▸ **What is required**:
Omit any pictures, and restate word for word only the lines from the one with "Viimeksihän tätä arvovaltaista" through the end of the data below.

▸ **Given information**:
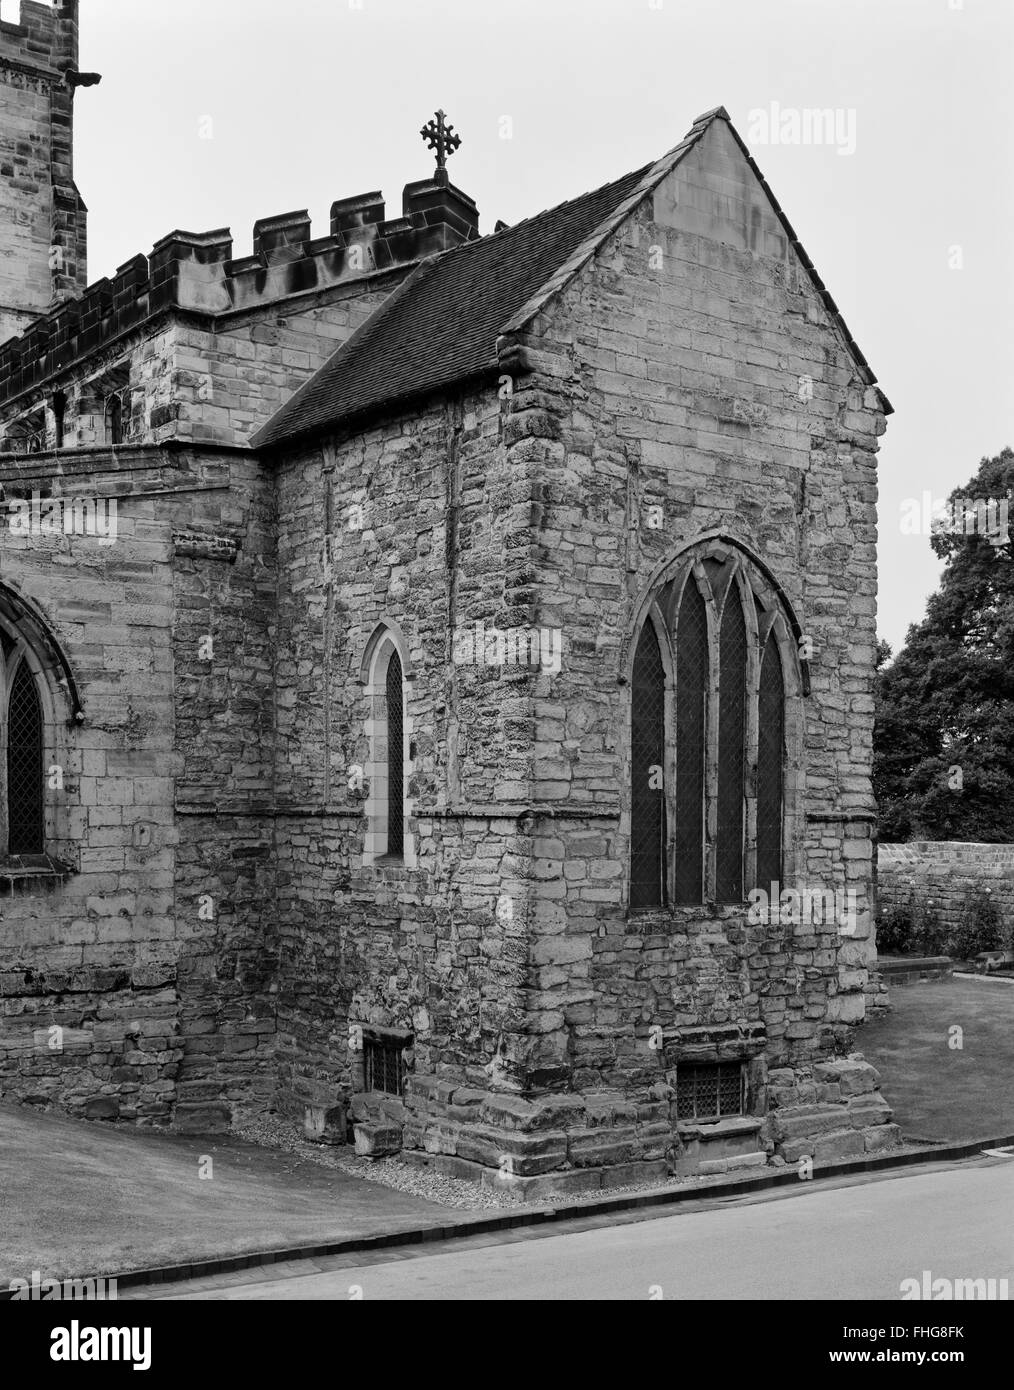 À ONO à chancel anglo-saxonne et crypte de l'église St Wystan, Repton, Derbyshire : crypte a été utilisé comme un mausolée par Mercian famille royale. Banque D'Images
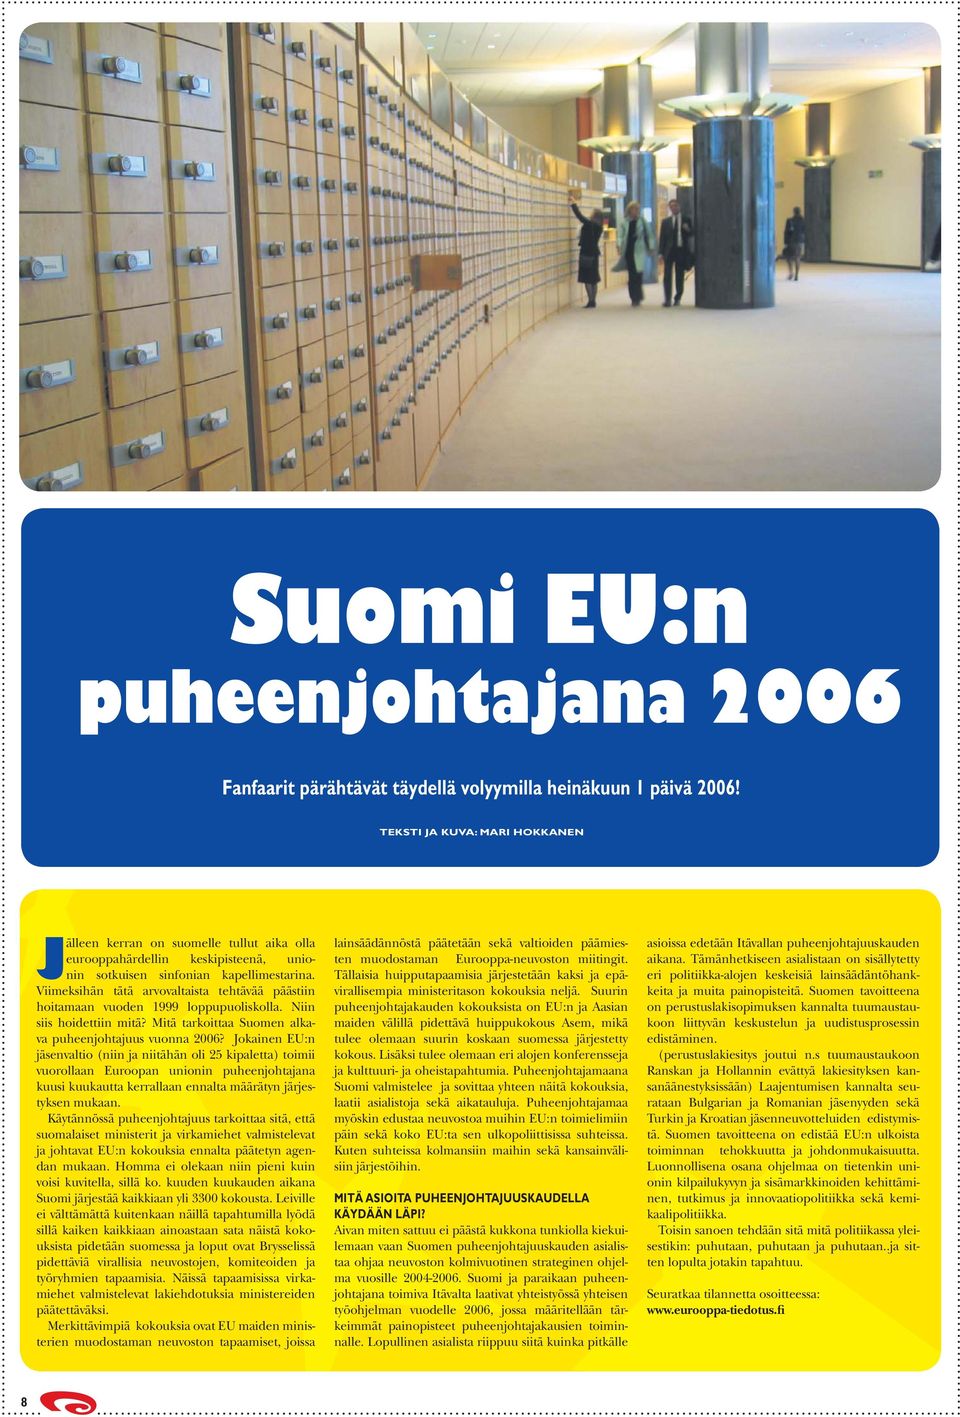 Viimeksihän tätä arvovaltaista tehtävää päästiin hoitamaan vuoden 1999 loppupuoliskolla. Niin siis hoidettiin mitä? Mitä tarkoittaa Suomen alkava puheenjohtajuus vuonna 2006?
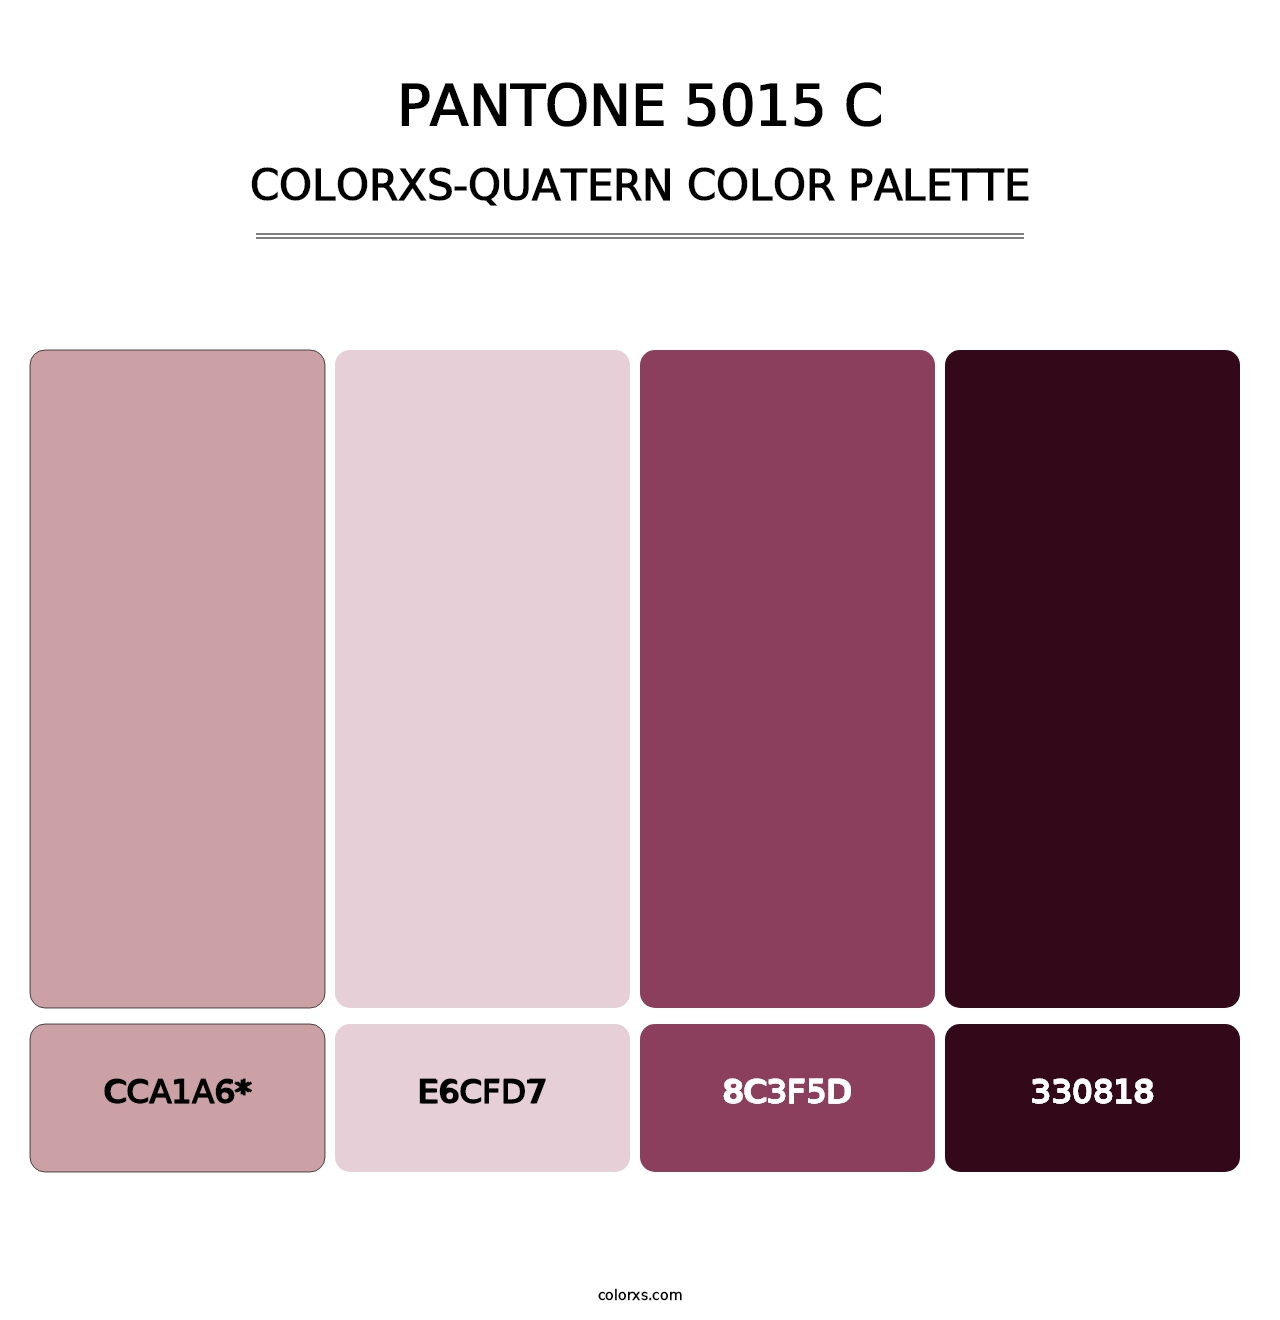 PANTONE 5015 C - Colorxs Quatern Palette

▸ **Response to the task**:
 Viimeksihän tätä arvovaltaista tehtävää päästiin hoitamaan vuoden 1999 loppupuoliskolla. Niin siis hoidettiin mitä? Mitä tarkoittaa Suomen alkava puheenjohtajuus vuonna 2006?
 PANTONE 5015 C - Colorxs Quatern Palette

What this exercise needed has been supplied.